Six members of the Homemade Hummus program at L'Arche Boston North stand around a white board in a kitchen wearing aprons, gloves, face masks, and hats.
There are many ways L’Arche Boston North community member Megan McCarthy might spend her days but, for now, she spends a lot of time in a kitchen making hummus. 

“I enjoy making hummus,” she said. “It allows me to spend time with friends, learn new things and build my confidence.” 

The flavorful Mediterranean treat does more than satisfy the cravings of Megan and her friends. The L’Arche Boston North community has taken its love for making hummus all the way to the market.  

L’Arche Boston North’s Homemade Hummus program started a few years ago as a group opportunity that also provided exposure to some vocational skills, but the zeal for hummus couldn’t stay in the kitchen.  Soon after its start, hummus made with love by L’Arche Boston North community members was stocked and sold at the farmers markets in Haverhill, Mass.  

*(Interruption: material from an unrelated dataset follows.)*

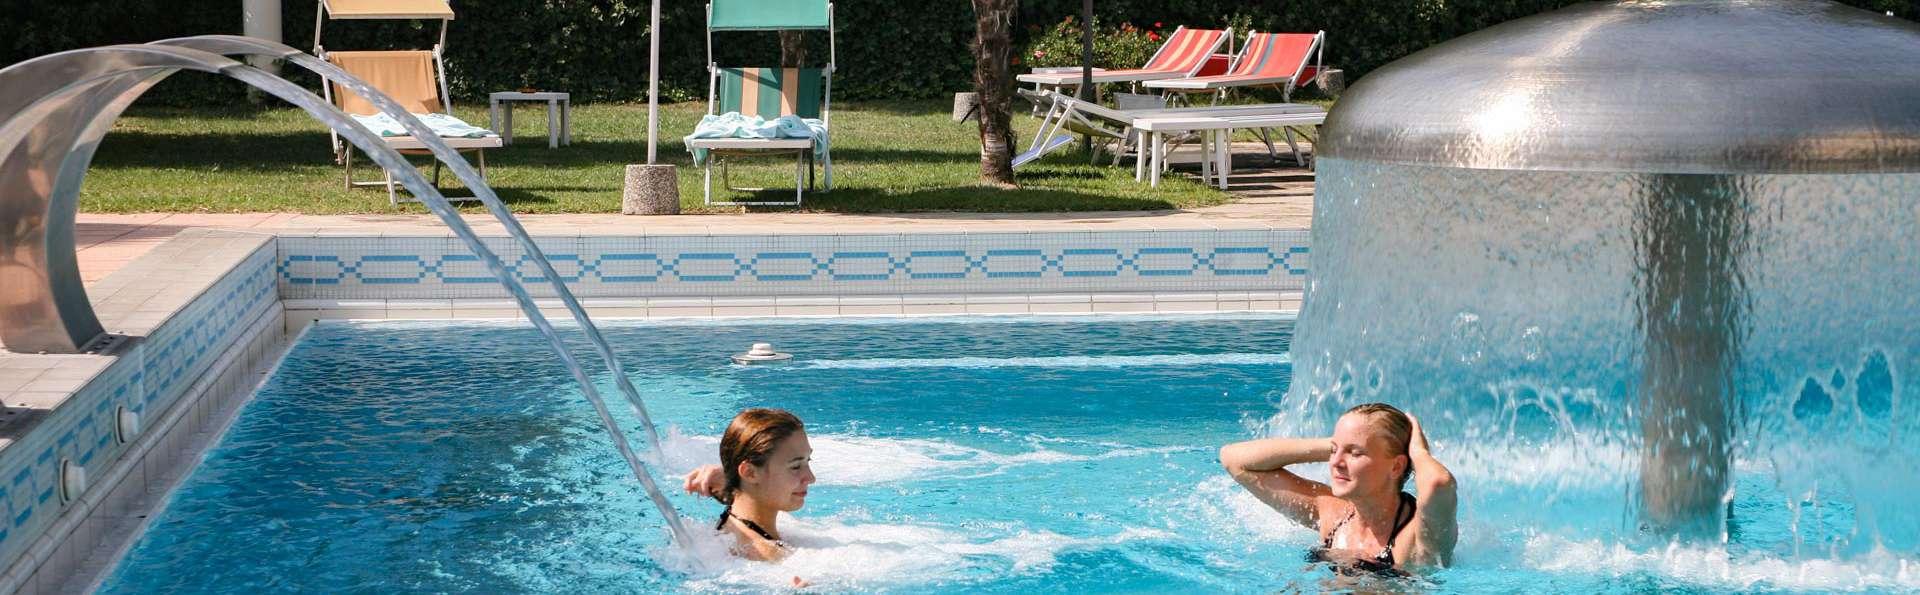 Ambiance de rêve dans un hôtel aux portes de Venise et accès au spa (train A/R inclus)

Of course, the effort is about far more than chickpeas and olive oil.  

“What makes us different is that we put relationships first,” Assistant Culinary Program Leader Sophie Leblanc-Mederios said. “Each person has time to see and be seen, contribute, learn and make mistakes in the safety of compassionate support. It may sound corny, but it works because we care so much about one another.” 

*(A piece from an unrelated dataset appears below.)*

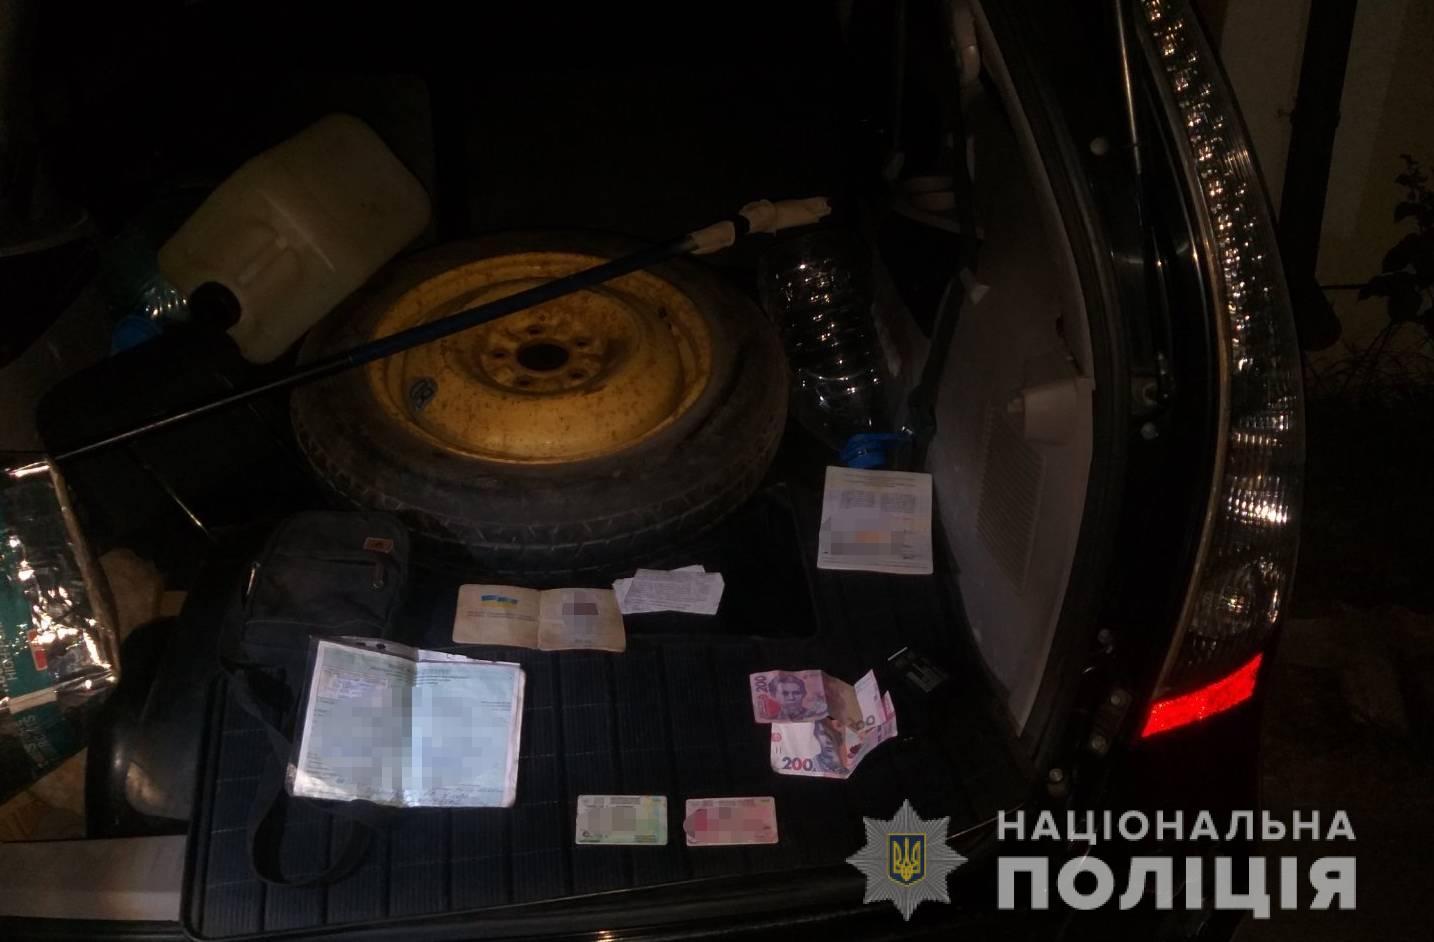 Четверо гадов хором напали и избили прохожего за деньги в Закарпатье

It’s care that ends up in packages of hummus that are gaining popularity. Culinary program leader Scott Sanderson says the rewards are greater than the food that’s created.  

“The program has been built on the foundation of making hummus, but as we build on this foundation it allows people of all abilities to have a sense of purpose and inclusiveness to learning culinary skills,” he said.  

As the kitchen is often the heart of a L’Arche home, it’s natural that cooking would be an offering that spills into the wider community. While their fellow L’Arche residents gain the most immediate benefits from the students’ fledgling skill, the L’Arche Boston North kitchen crew plans to support Off the Streets, a local soup kitchen and homeless outreach ministry. 

“We are inviting the community to share in our mission, while also changing the narrative of how the world views people with disabilities,”  L’Arche Boston North community leader Jen Matthews said. “We’re breaking down the barriers and stereotypes of people with disabilities as being recipients of charity. In turn, we demonstrate the dynamic gifts and skills people with disabilities have to enrich their communities.” 

It’s already a key ingredient in enriching Megan’s life.  

“I hope to continue to work in program to enjoy more people who can also grow through the program and take what I learned home to my house and family,” she said.